There has been some progress overnight, although the code fix for this is involved and touches portions of the vmotion, cpusched and numasched code, Engineering are currently reviewing the possibility of targeting the fix in a Patch Releases. Once I have a further update I will let you know.

I haven't tried the "Numa.RebalanceEnable" setting yet as I don't want to affect my 24x HP hosts which are working perfectly fine.

Hope you get the issue resolved.

Cheers,

Jon

vExpert 2014 - 2022 | VCP6-DCV | http://www.jonmunday.net | @JonMunday77
0 Kudos
lakey81
Enthusiast
Enthusiast

Jon,

I am also experiencing the same issues with node balancing but on HP BL685c G6's with 4x6 processors, 128GB of ram, and ESXi 4.1 build 582267.  To try to alleviate the problem I've moved enough VMs off one host so that there are more physical cores than vcpus and it still is not load balancing them properly.  In that configuration sometime it does balance the VMs out over all 4 nodes and then CPU %RDY times are great but the majority of the time it is constantly moving VMs between nodes and creating high CPU %RDY times.

I also have a case open with support but have not received a good answer as of yet.   If you hear anything else please let us know and I will also!

Ryan

0 Kudos
jrmunday
Commander
Commander

I have patched all 34 of hosts upto the current release, ESX 5.0.0 build 702118, and submitted the support bundle to VMware today. They will base the hot patch on this build and aim to have an ETA for releasing this by the end of this week.

vExpert 2014 - 2022 | VCP6-DCV | http://www.jonmunday.net | @JonMunday77
0 Kudos
rldleblanc
Contributor
Contributor

We have generated a CPU workload similar to what we are seeing in production, but with much less RAM used. As a result, the ready times of the VMs are much lower on ESXi 5.0 as expected. This makes me think that the problem is not with the CPU scheduling. Our next focus is to increase the RAM usage of the simulated workload and see if the ready times go up. If that happens, then it would seem to point to NUMA even though we only have two nodes an a pretty good locality of RAM for the VMs. I'll post the results of our testing.

0 Kudos
rldleblanc
Contributor
Contributor

I have a question for those on the thread. Do you have quantitative evidence that VM performance is lower inside the VM with this problem? We stepped out on the plank last night and put 150% of the MSSQL VMs that we were running on ESXi 4.1 onto an ESXi 5.0U1 host (same exact hardware configuration between both) and we saw no performance degradation inside the VMs, in fact, that workload drastically out performed the lesser load on ESXi 4.1.

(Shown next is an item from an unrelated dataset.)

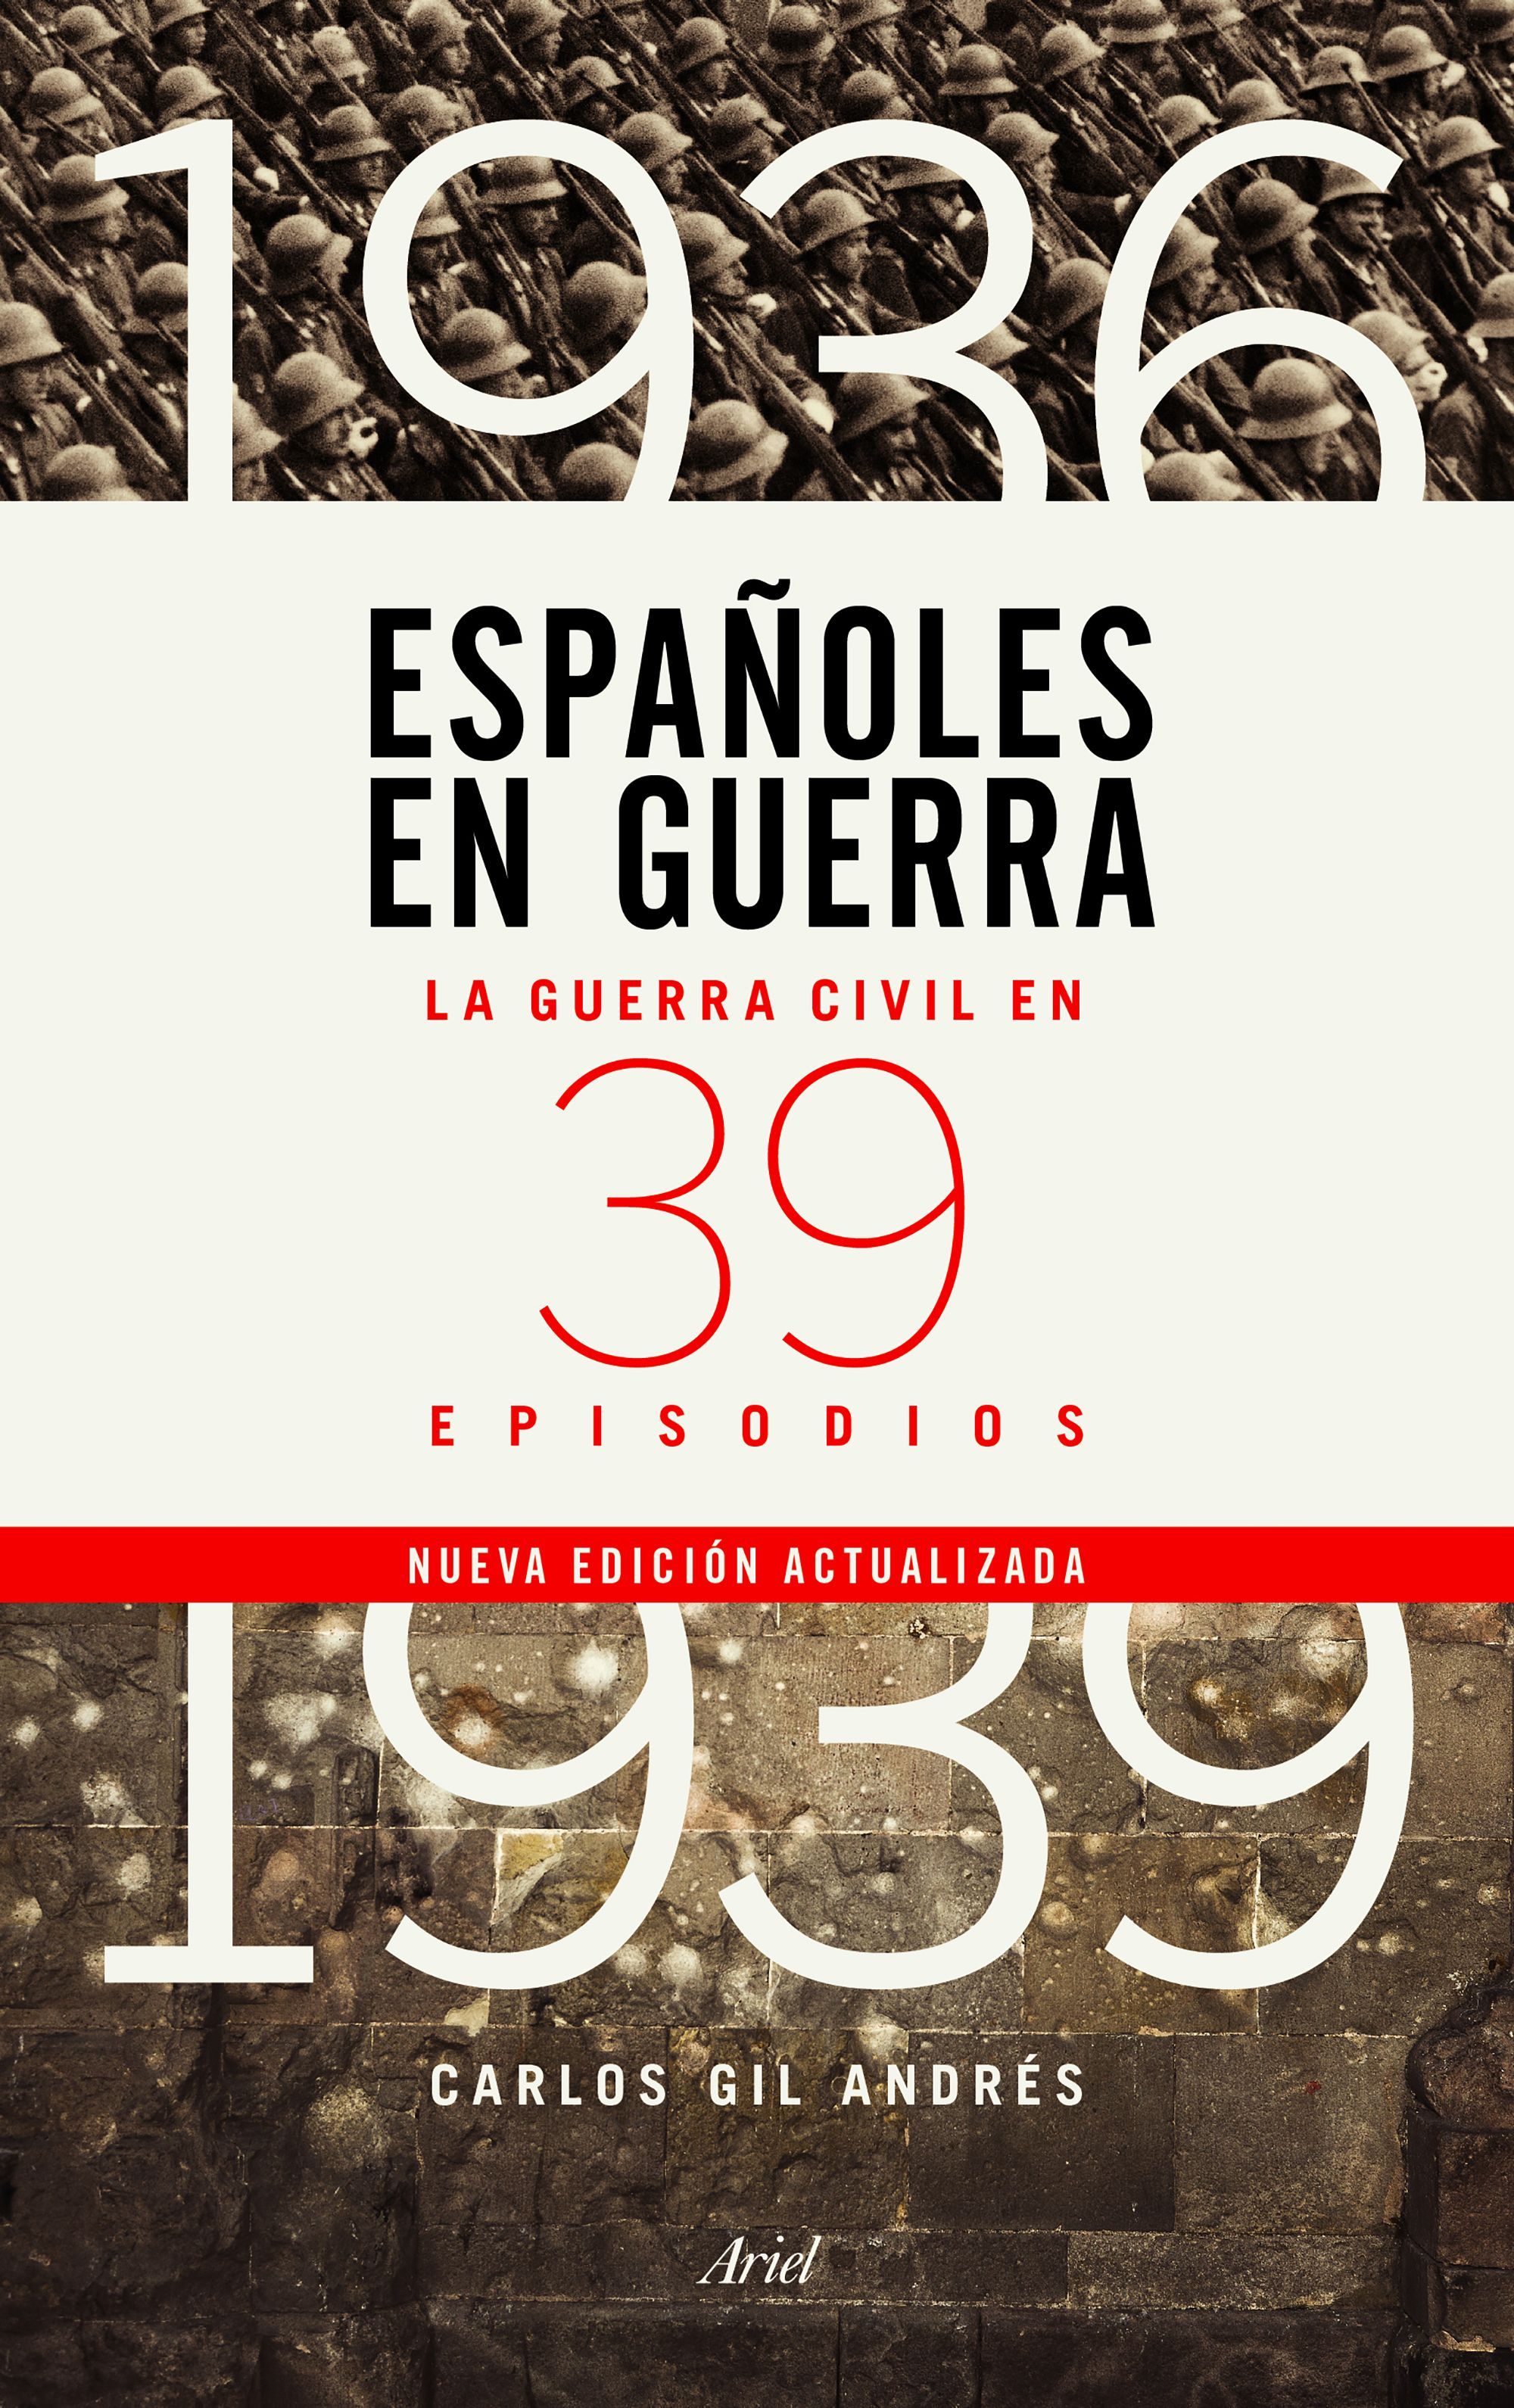 ESPAÑOLES EN GUERRA. LA GUERRA CIVIL EN 39 EPISODIOS

I have written a random load generator that mimics our live workload, in that program I've added an operations/second metric that we will use to see if the VMs suffer performance degradation on ESXi 5.0U1 compared to ESXi 4.1. If the ops/sec is equal to or greater on ESX 5.0, then I believe there is a bug in the ready time performance metric that the hypervisor is reporting and to a large degree should be ignored until fixed. There is still the possibility that the NUMA locality may affect performance, but if this bug is verified, ready time should not be used as an indicator of poor performance until fixed.

0 Kudos
jrmunday
Commander
Commander

Small update ... We decided to delay the hot patch from VMware for our current build and will now receive this as part of the scheduled July patches to ensure that we are able to patch between now and September (if required). With this delay, we are still a few weeks away from seeing any fix in place.

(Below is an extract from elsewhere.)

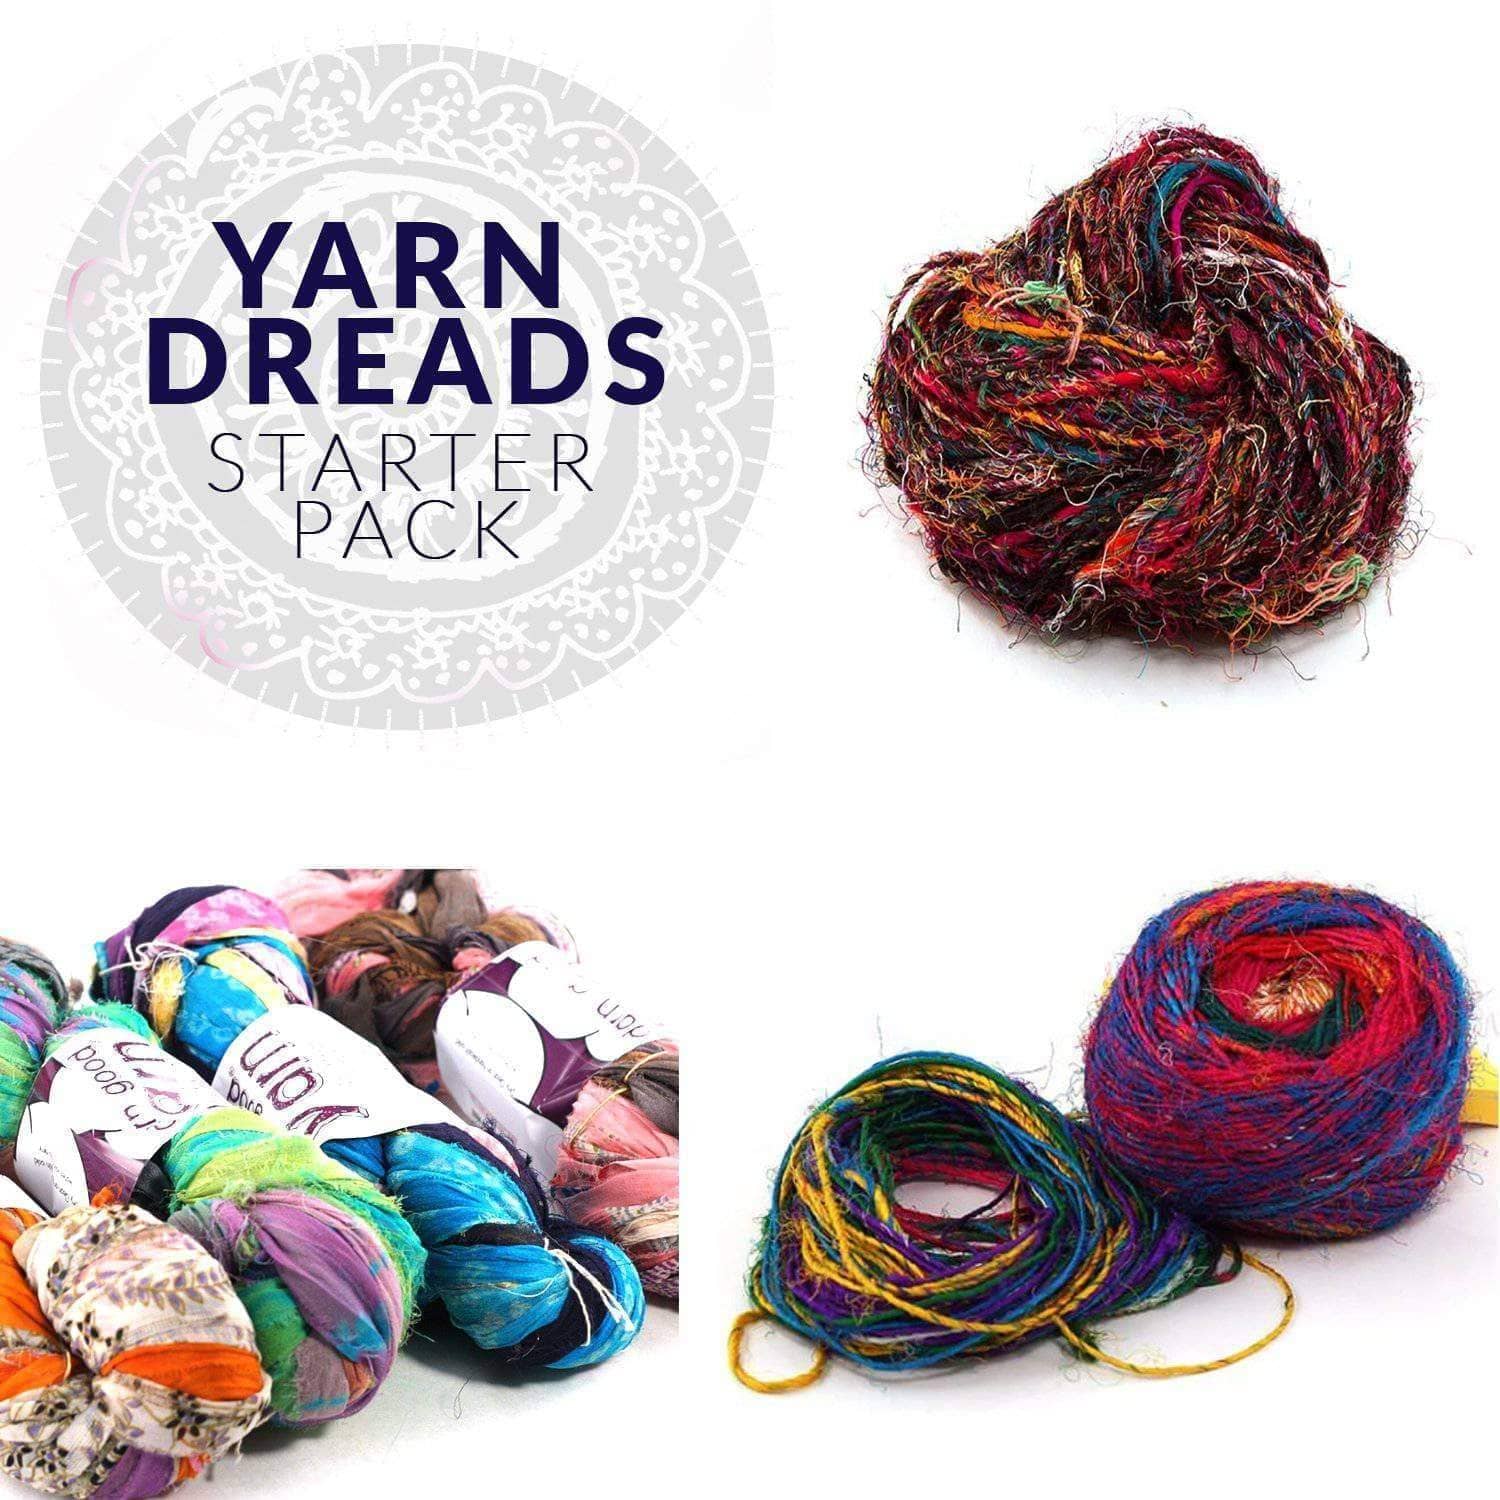 How to Make Yarn Braids and Yarn Dreads - Darn Good Yarn

vExpert 2014 - 2022 | VCP6-DCV | http://www.jonmunday.net | @JonMunday77
0 Kudos
kpc
Contributor
Contributor

Hi guys

I'm having a similar problem with two new R815's that we recently purchased.   Specs are AMD Op 6276, 4 CPU, 128MB ram, running ESXi 5.0.0 623860

I have other R715's AMD Op 6136, 2 CPU running in live running 469512 without  any problems.

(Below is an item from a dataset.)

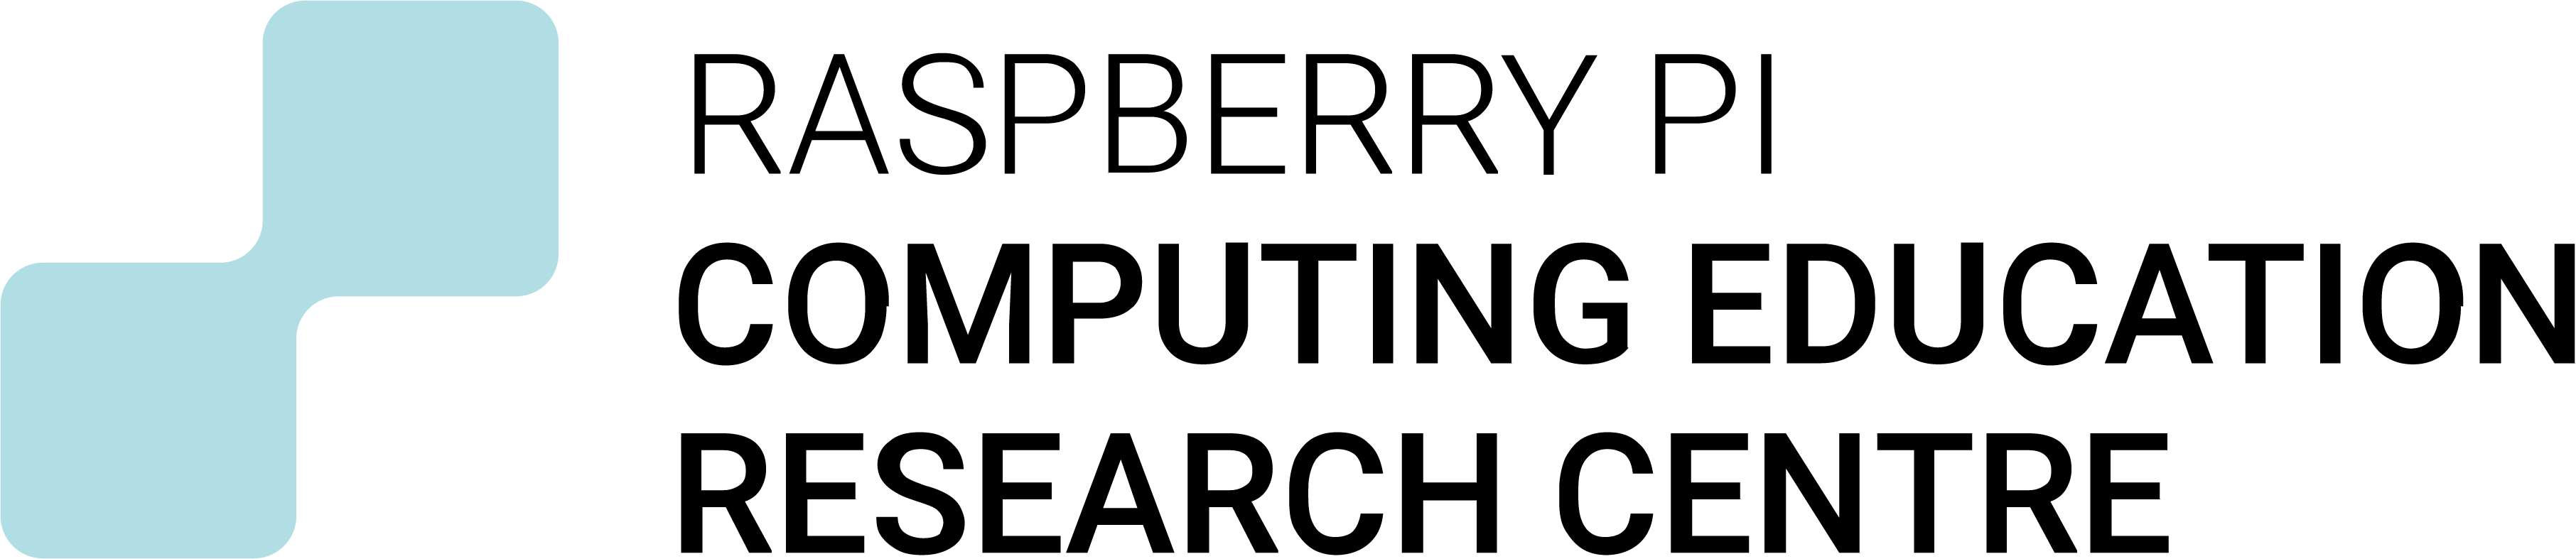 Raspberry Pi Computing Education Research Centre

I first noticed an issue when I deployed a simple XP x32 to the R815 boot up  time was nearly 1 minute, this compared to 20 seconds on the R715.  Even  clicking on the Power button is slower, on the R715's the status goes from 20%  to Completed, on the R815's it's goes 20% 40% 60% 80% Completed!  Moving around  the VM on the R815 seemed sluggish.  Both servers empty and tested using local  and SAN storage.

I tried the NUMA setting fix but this did nothing.

Re-installed ESXi 5 469512 but the same problem exists.  These R815 are the  first 4 CPU server's we've used.

Anyone had any success with this, I'm ready to call it into support.

Thanks

0 Kudos
jrmunday
Commander
Commander

Hi kpc,

I would definitely log this to support as it is a know issue that VMware have been able to replicate internally. I suspect the more cases they have open the better exposure it will get internally. I still have an open support case and am in regular contact with them about this, and from my open case they have confirmed that they plan to release the general fix for this issue in U2, currently planned for September 2012.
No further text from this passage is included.